The data:
>>
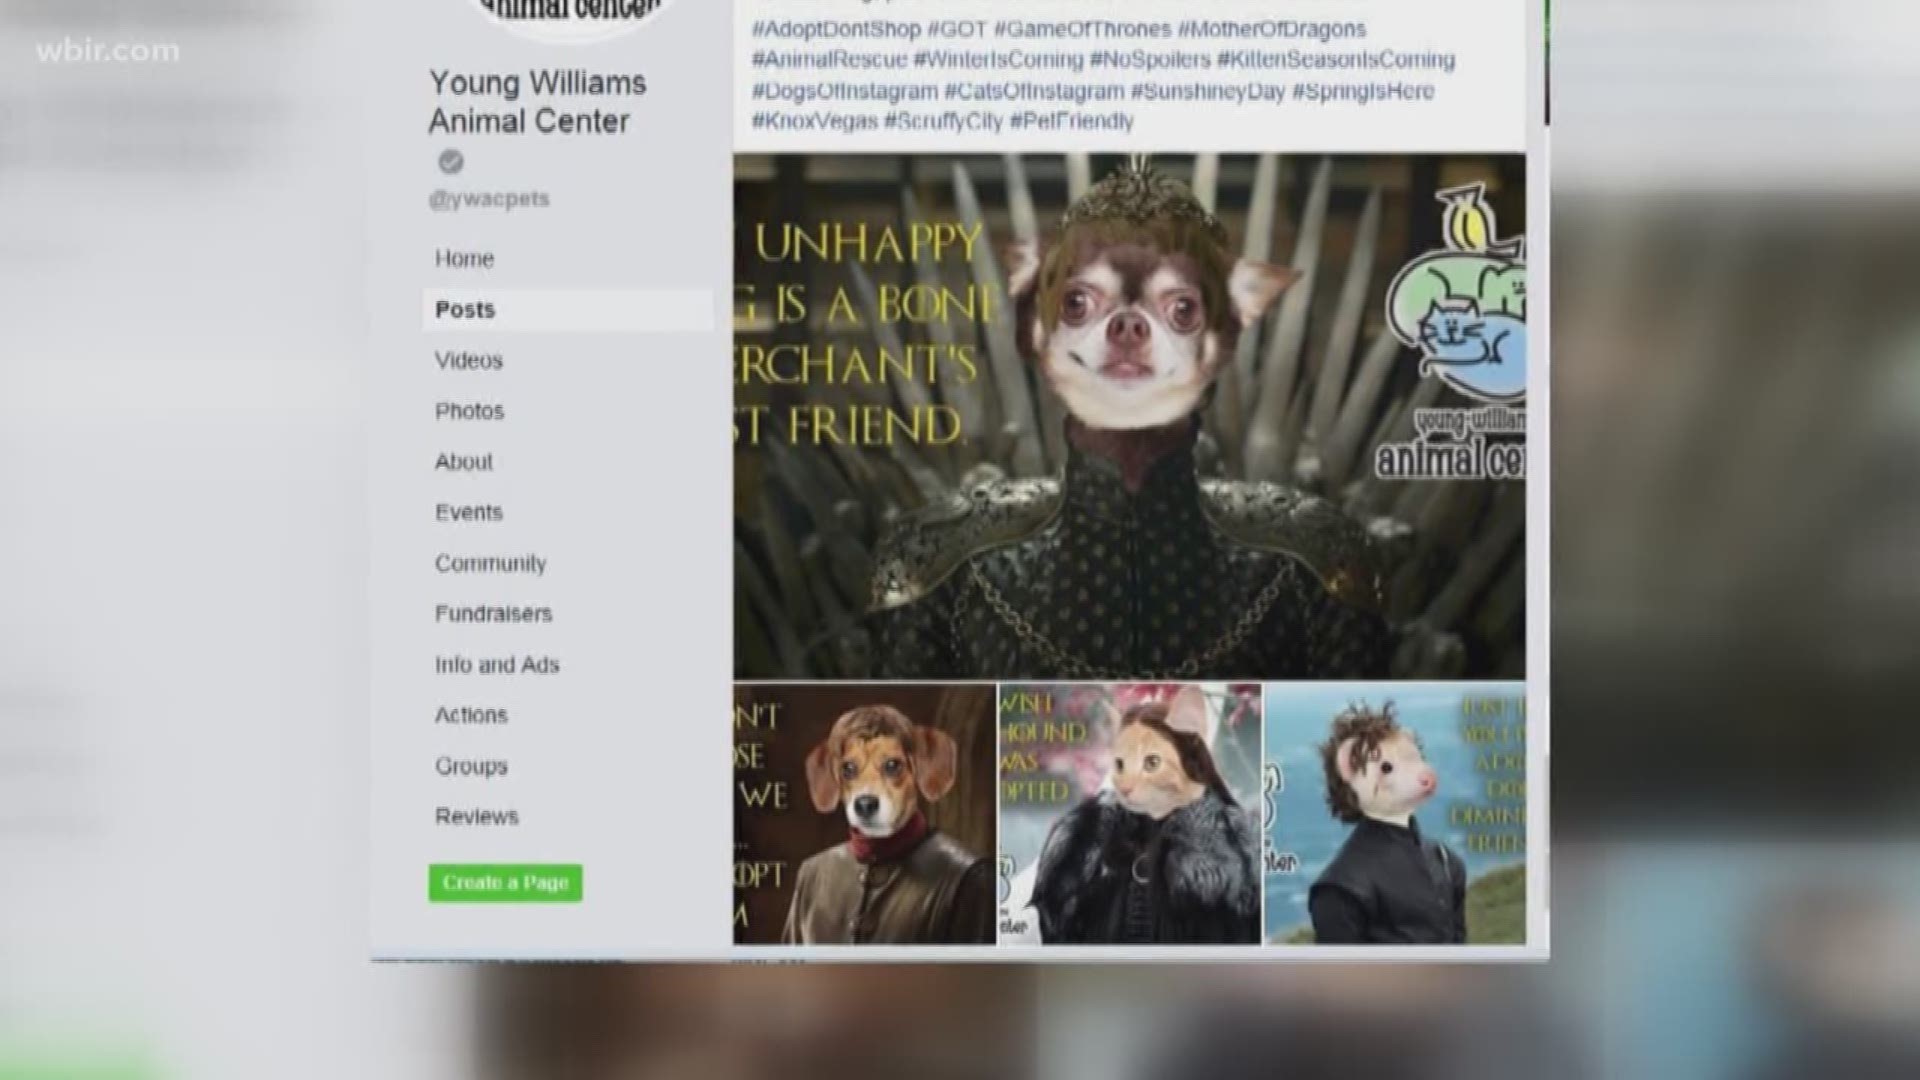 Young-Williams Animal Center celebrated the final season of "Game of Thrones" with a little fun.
<<
>>
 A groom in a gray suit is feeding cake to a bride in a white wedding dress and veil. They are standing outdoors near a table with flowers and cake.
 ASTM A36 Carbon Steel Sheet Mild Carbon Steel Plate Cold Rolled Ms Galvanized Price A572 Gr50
<<
>>
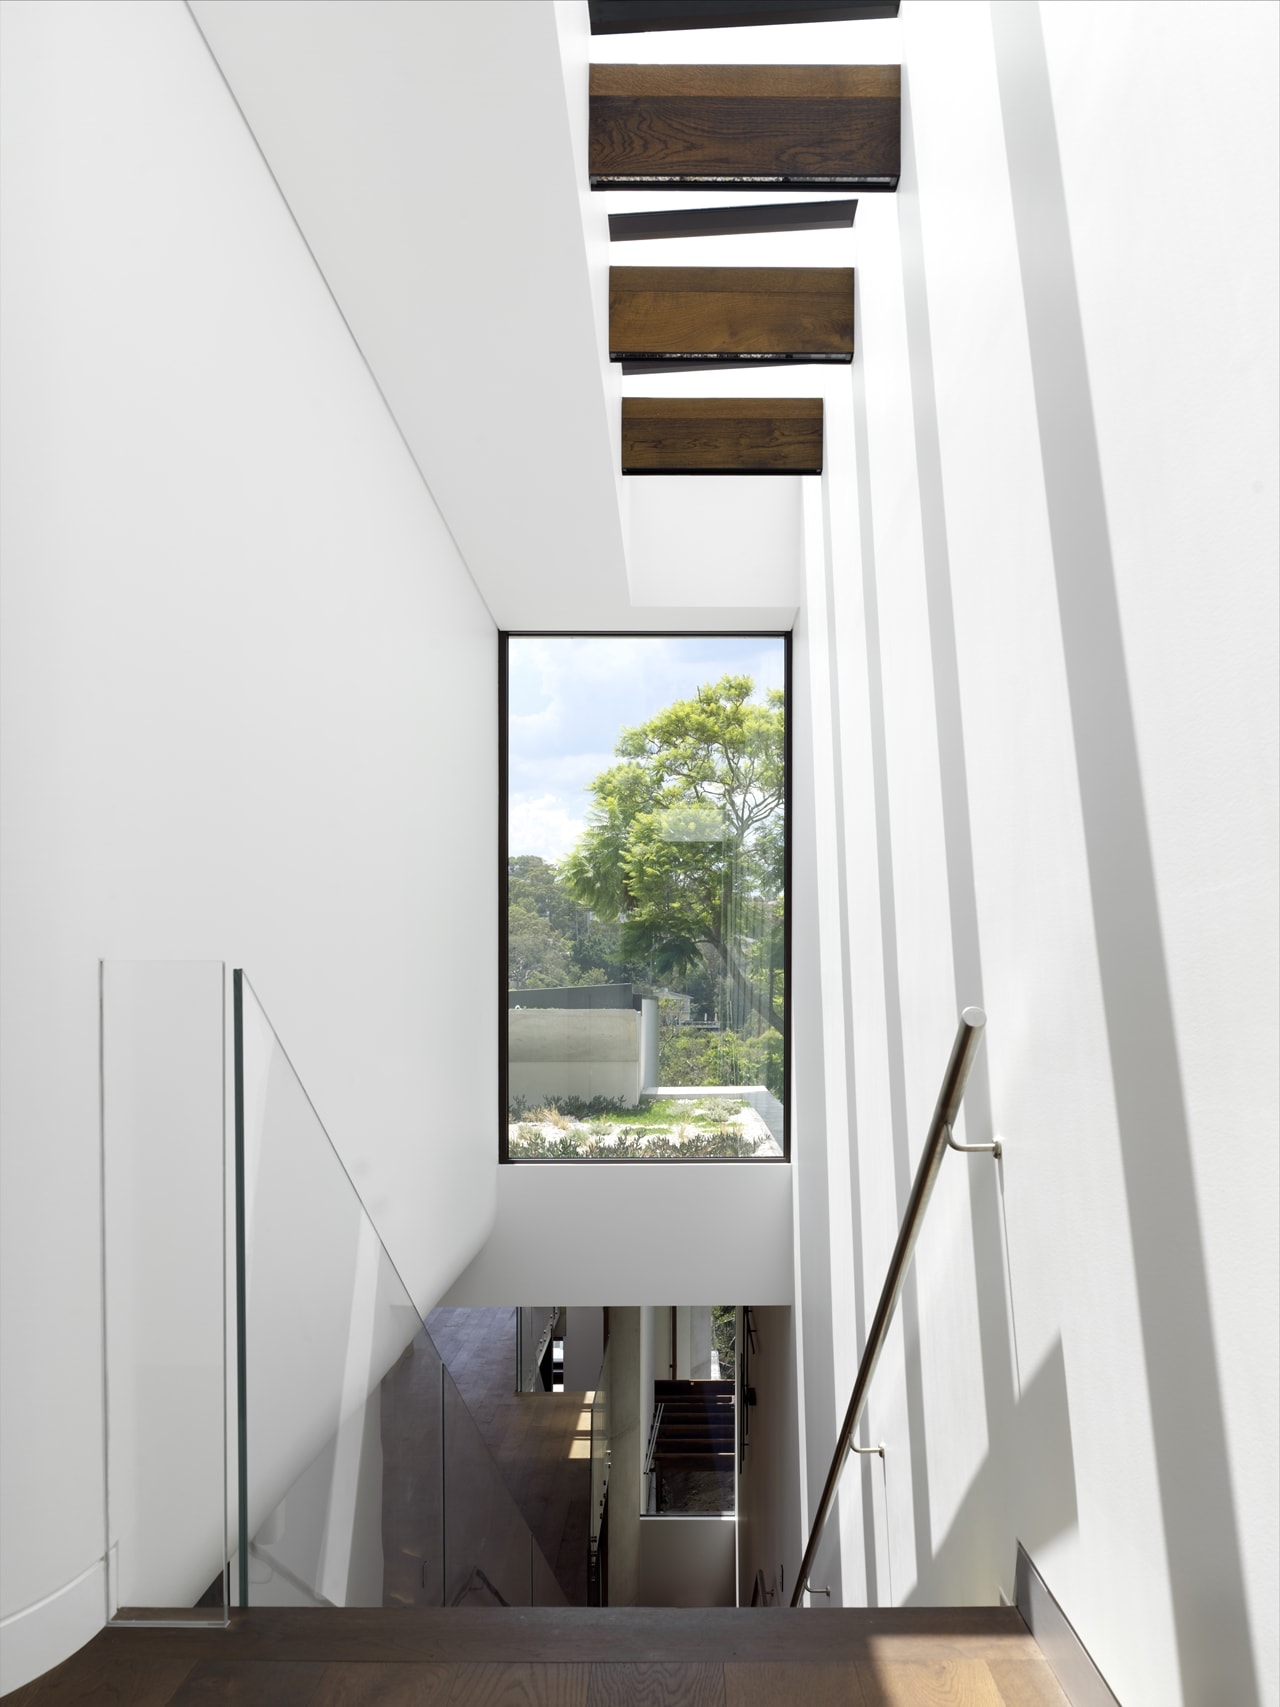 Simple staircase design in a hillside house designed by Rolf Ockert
<<
Task item: Print, without alteration, only the lines above between the one holding "A groom in a" and the one holding "ASTM A36 Carbon", inclusive.

Solution to this task:
 A groom in a gray suit is feeding cake to a bride in a white wedding dress and veil. They are standing outdoors near a table with flowers and cake.
 ASTM A36 Carbon Steel Sheet Mild Carbon Steel Plate Cold Rolled Ms Galvanized Price A572 Gr50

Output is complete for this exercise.